CUBLAS Vector Multiply

Does CUBLAS have any function that could be reasonably used to implement element by element multiplication between two vectors?

Good question man…I was trying to solve the same problem during last few days. I was wondering if not only CUBLAS, but any other implementation of BLAS has element-wise vector/vector multiplication implemented. And to be honest, I wasn’t able to find definitive answer yet. But one of my colleagues suggested me to inspect BLAS level 2 routines which implements various types of Ax (matrixvector) operations. That’s because element-wise vector multiplication means nothing more than A*x for diagonal matrix A. I believe this could help you…

Certainly this is a trivial custom kernel to write. It might be easier to figure out the memory layout for vectors in CUBLAS and use your own kernel.

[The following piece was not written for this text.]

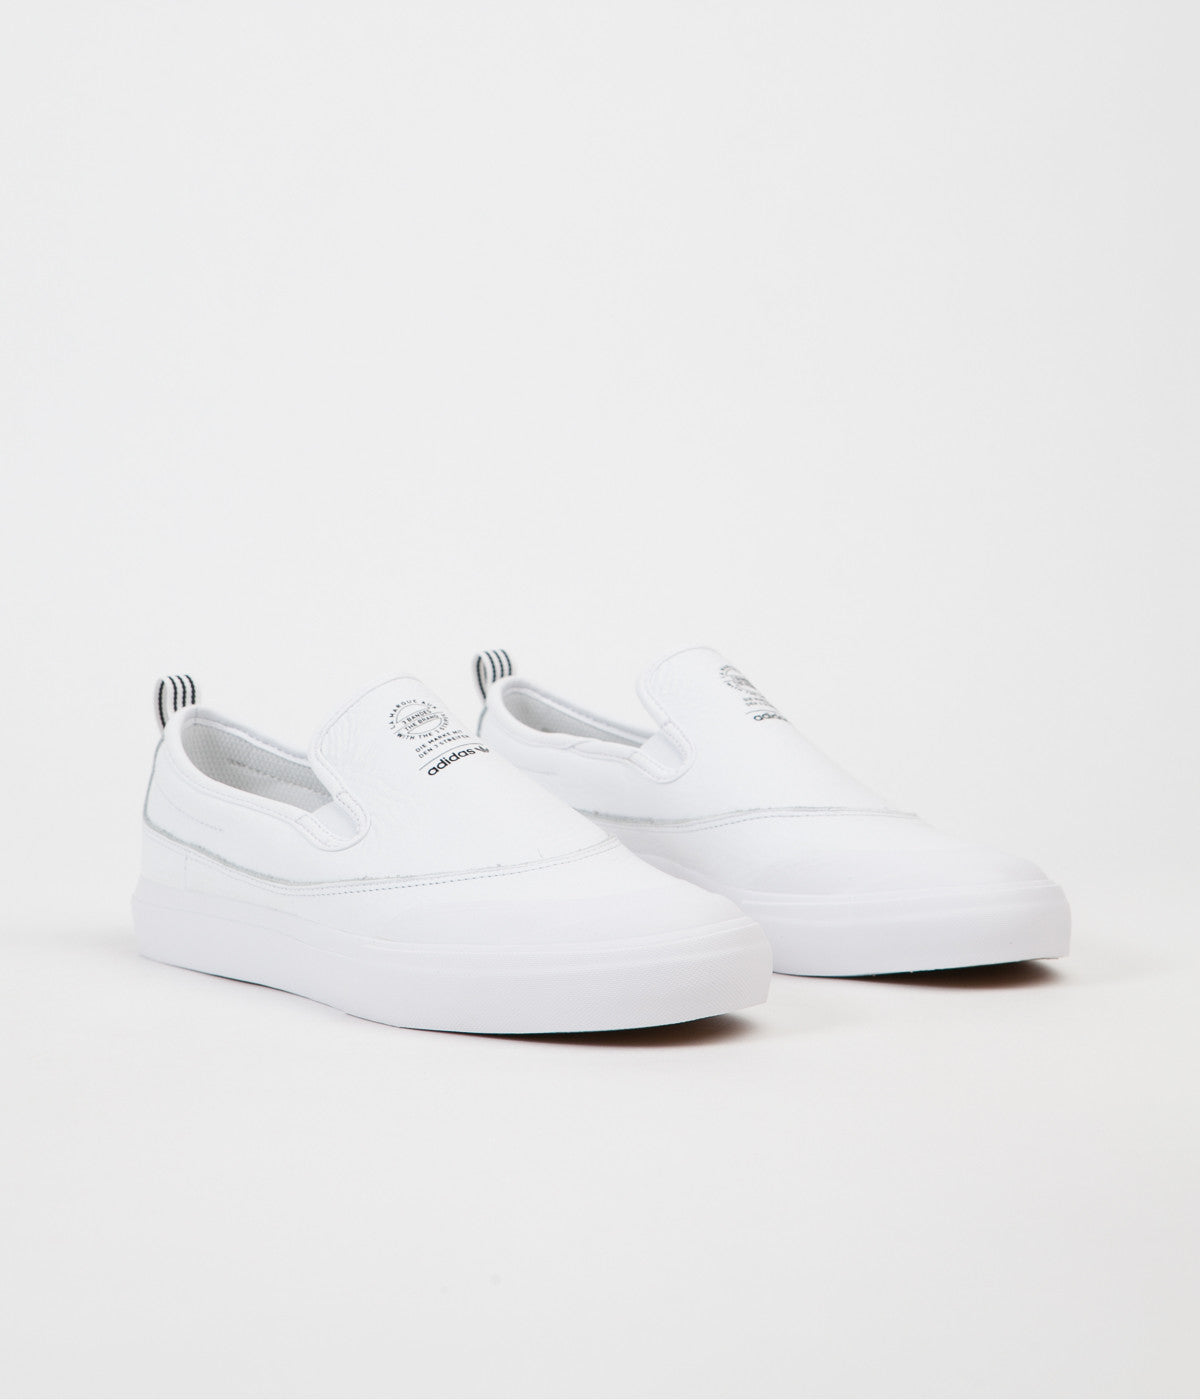 Adidas Matchcourt Slip On Shoes - White / White / White | Flatspot

I have one note and one question related to your comment ;-). Element-wise multiplication could be of-course implemented using very very trivial user-defined kernel. But in case of iterative techniques based on BLAS (as in my case), there is a well-founded demand to use BLAS operations for all successive steps (SAXPY, GEMMV, SDOT, …). This is the reason which leads me to confidence that element-wise vector*vector should be somehow implemented in BLAS.

My question follows:

I’m using cuMemAlloc() (driver api) instead of cublasAlloc() and cuMemcpyHtoD() instead of cublasSetVector() in my application, because I need to use both CUBLAS routines and user-defined kernels on my pieces of data (large vectors in fact). From what I observed so far, no problems occurred and all operations passes well. Do you think that I’m just lucky man and I should strictly use cublasAlloc and cublasSetVector when using CUBLAS? Thx

No, you can mix cublasAlloc and cublasS/GetVector with regular cuda Malloc and Memcpy calls (both driver and high-level API).

The cublas calls are there for convenience (for example if you are calling cublas from Fortran and don’t want to mix C and Fortran)

Thank you very much, your reply raised my confidence in my piece of code :)

This is what I am looking for. It’s good to know that you can mix CUDA with CUBLAS, but how would CUBLAS use the memory (shared, texture, etc)? Does CUBLAS know how many multi-processors you have, and optimize each function according to your system parameters? Without knowing how CUBLAS uses the memory, using CUDA at the same time could cause conflict.

Every kernel call independently uses all resources on the GPU. There can be no conflicts between two separate kernel calls. But if you are truly curious about CUBlAS’s block and grid parameters, just read the source :)

Thanks! Yes I like to. Where is CUBLAS source? I can’t find it anywhere.

The links are in this post:

Thanks a lot for the secret passage leading to the source code ;)

Yes I found where they decide the number of blocks and threads, and whether to use texture memory. It seems to be decided for each function call. Since I have many calls back to back, do they have an optimizer that blends the functions and find a global optimal assignments? Maybe I have to mixture these .h and .cu files by myself.

I was wondering if you found an efficient way to compute element wise vector multiplication and division.

Also if implementing a custom kernel wouldn’t penalize performance while mixing with cublas routines (i don’t know how to implement a custom kernel yet, about to start reading…)



Answering myself. I coded this kernel:

[codebox]global void m2(float *A, float *B, int maxN){

int i=blockIdx.x*BLOCK_SIZE+threadIdx.x;





where maxN would be the size of vector A (and also B’s)

There is no need for the syncthreads.

Is the source for CUBLAS available somewhere else? Why is it removed?

It is now available for registered developers.

OK, I’m an registered developer, how/where can I get it?

Sorry to bump such an old topic, but did anyone ever figure out if there was a cublas function to do element vector-vector multiply? They have a dot product function, so I’d assume this existed.

Hi all,

I would like to perform element-wise multiplication between two vectors using CUBLAS. Could you please share the code for the same. The link mentioned here does not contain the code.